5th International Conference on Spoken Language Processing
This paper describes a speaker adaptation technique for a phonetic vocoder based on HMM. In the vocoder, the encoder performs phoneme recognition and transmits phoneme indexes and state durations to the decoder, and the decoder synthesizes speech using HMM-based speech synthesis technique. One of the main problems of this vocoder is that the voice characteristics of synthetic speech depend on HMMs used in the decoder, and are therefore fixed regardless of a variety of input speakers. To overcome this problem, we adapt HMMs to input speech by transmitting transfer vectors, information on mismatch between the input speech and HMMs. The results of the subjective tests show that the performance of the proposed vocoder without quantization of transfer vectors is comparable to that of a speaker dependent vocoder.
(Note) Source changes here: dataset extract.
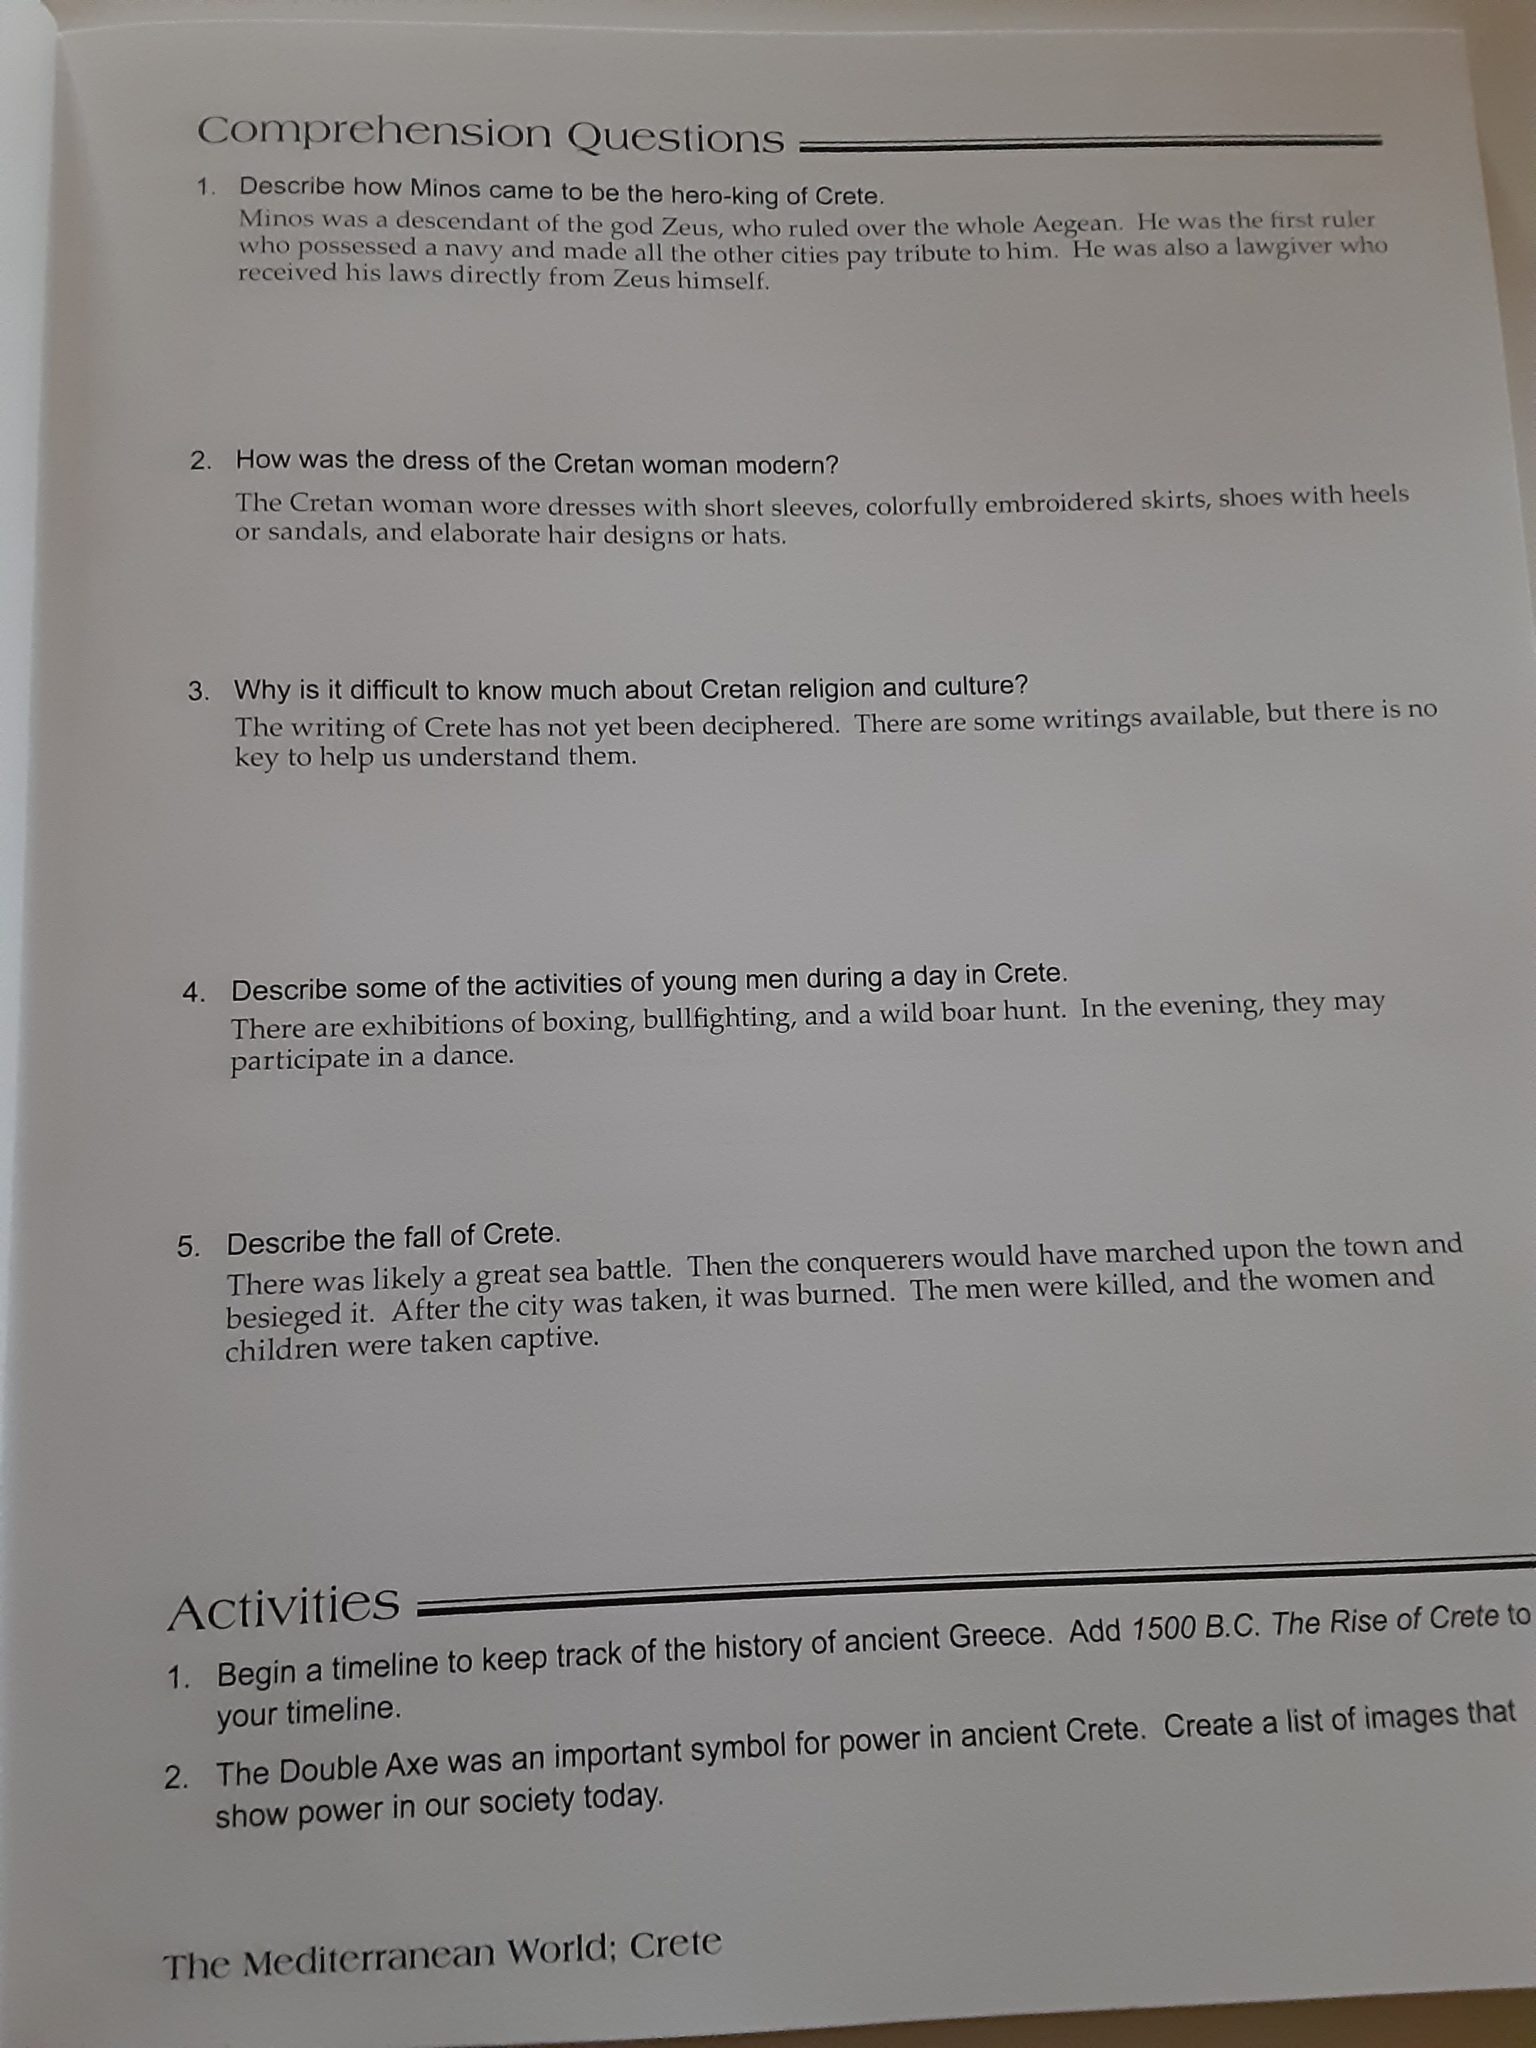 Sample page of teacher manual with answers filled in for comprehension questions.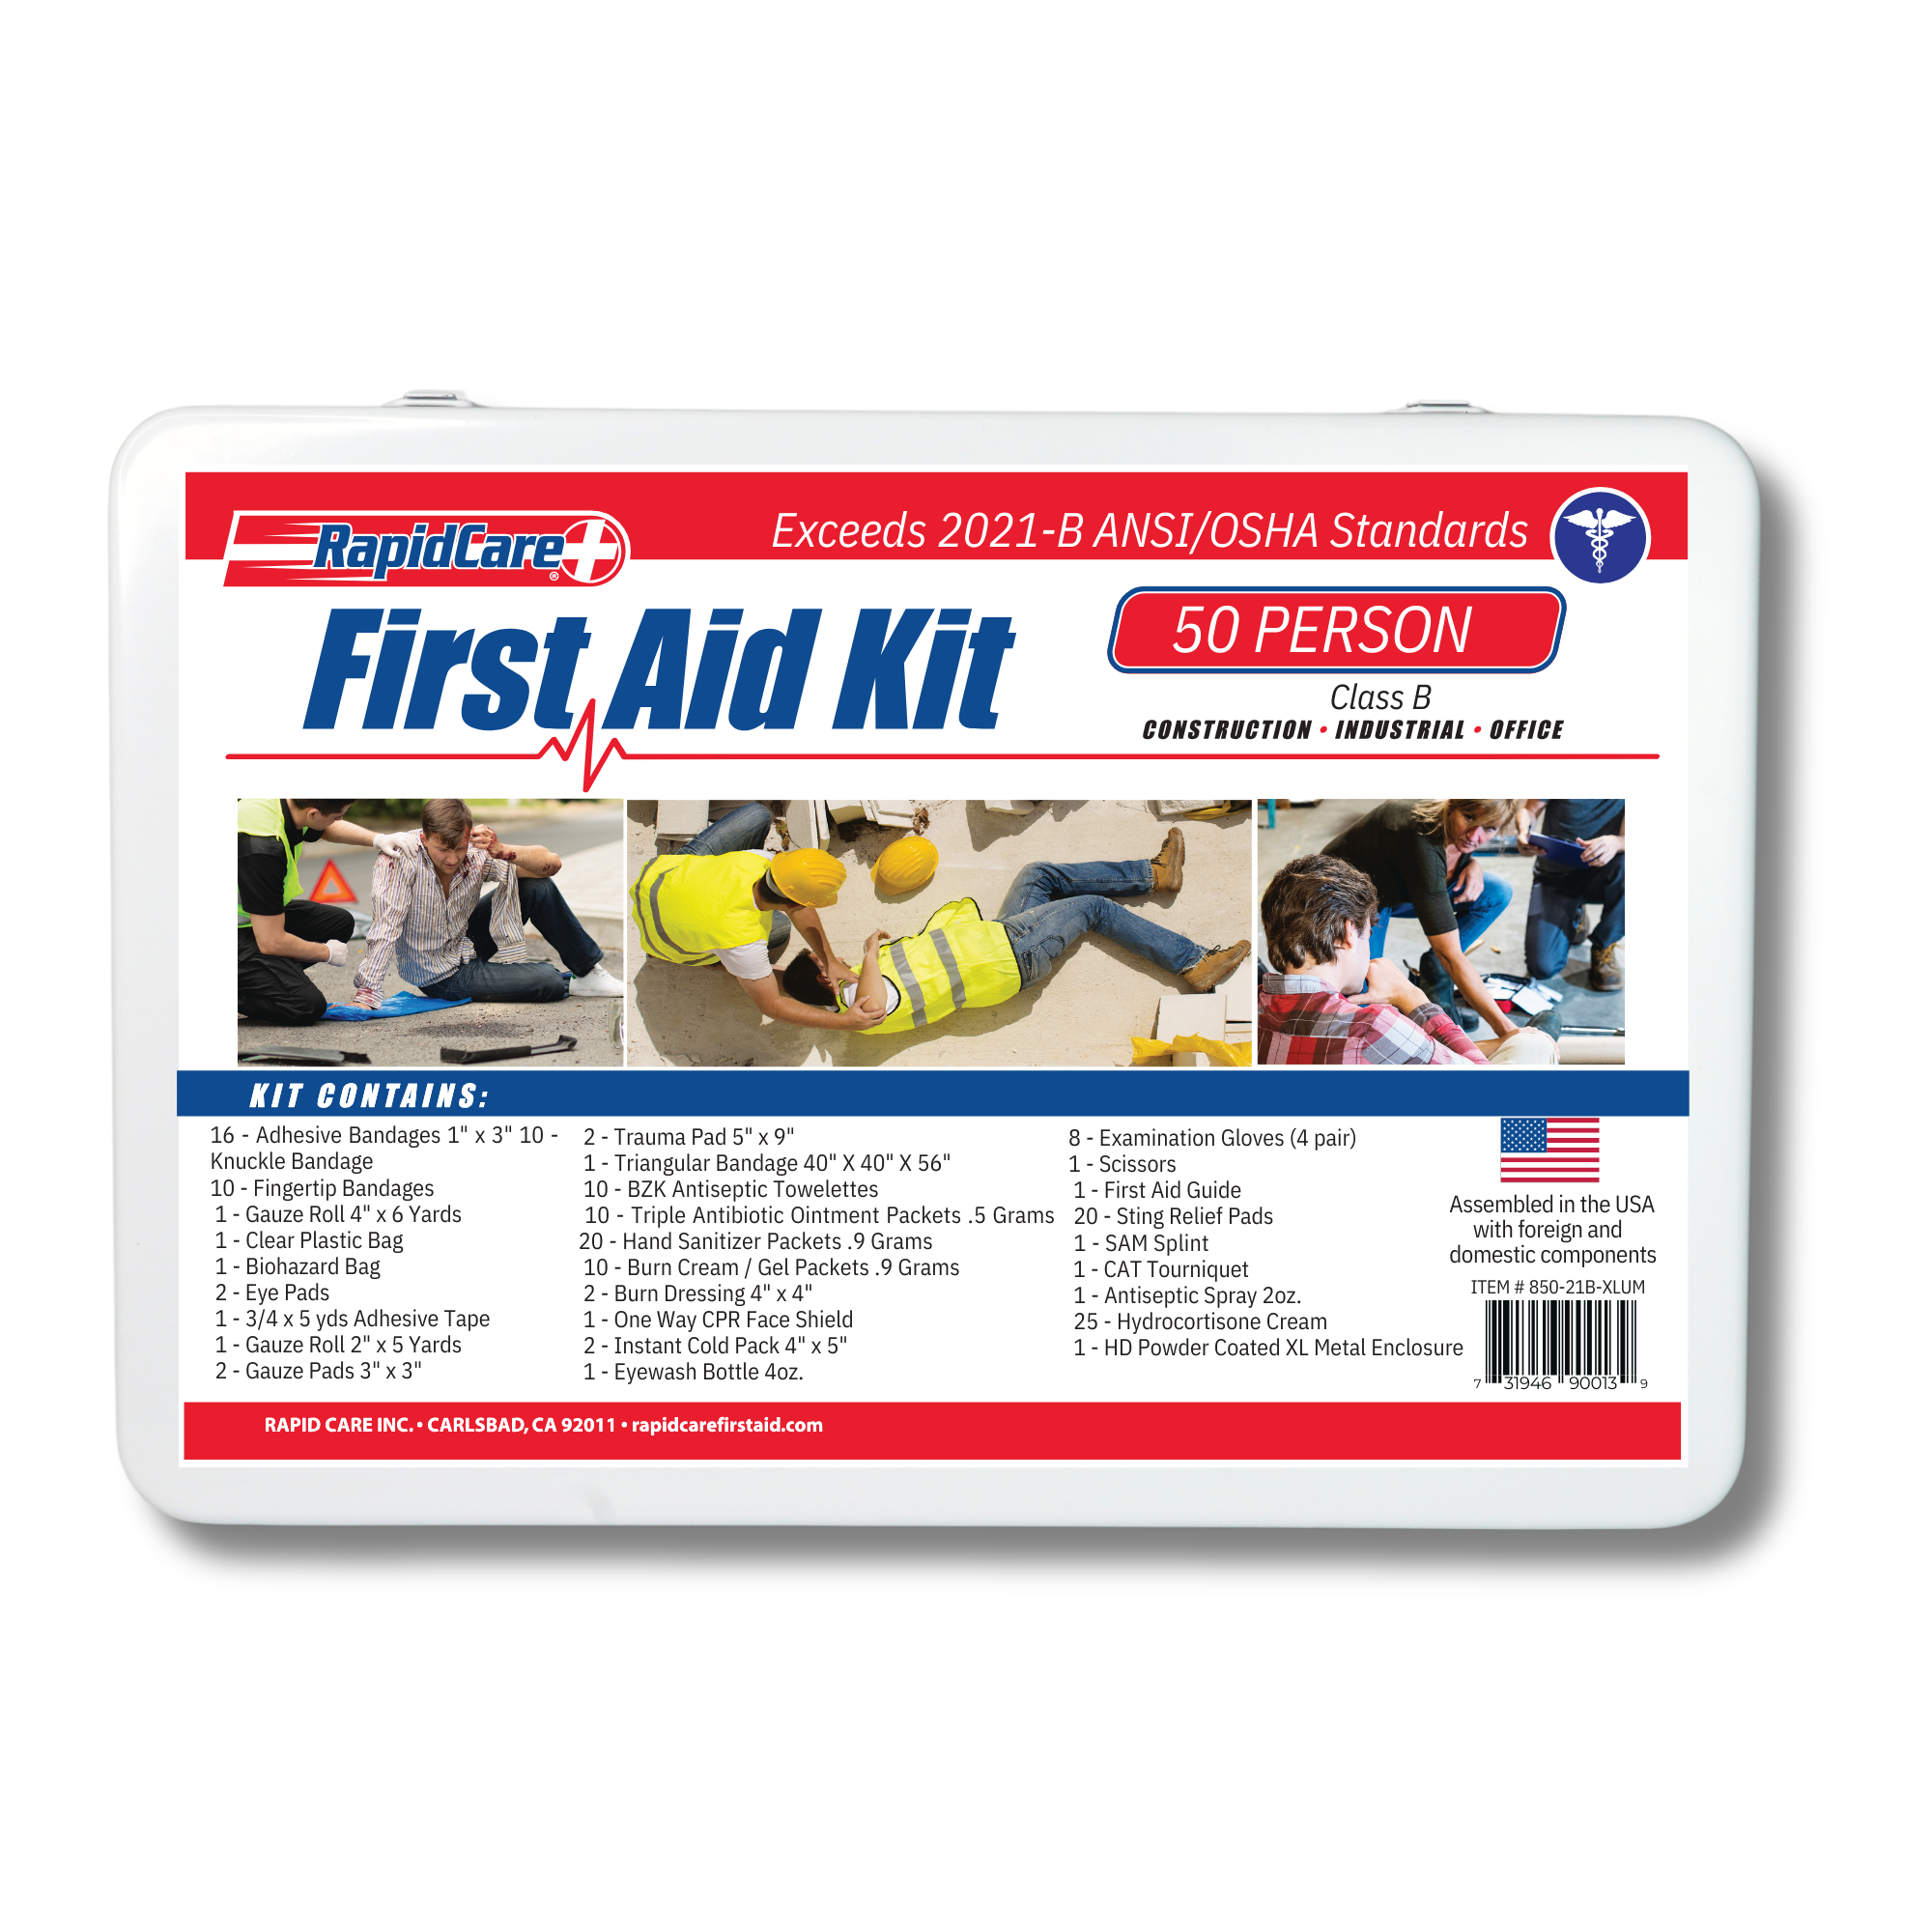 Extra Large 50 Person Unitized Metal First Aid Kit - 2021-B

#1 - synthesized from original spectral parameters
#2 - coded speech using speaker dependent models
#3 - coded speech using speaker independent models without adaptation
#4 - coded speech using adapted models without quantization of transfer vectors
#5 - coded speech using adapted models with quantization of transfer vectors
Bibliographic reference. Masuko, Takashi / Tokuda, Keiichi / Kobayashi, Takao (1998): "A very low bit rate speech coder using HMM with speaker adaptation", In ICSLP-1998, paper 0777.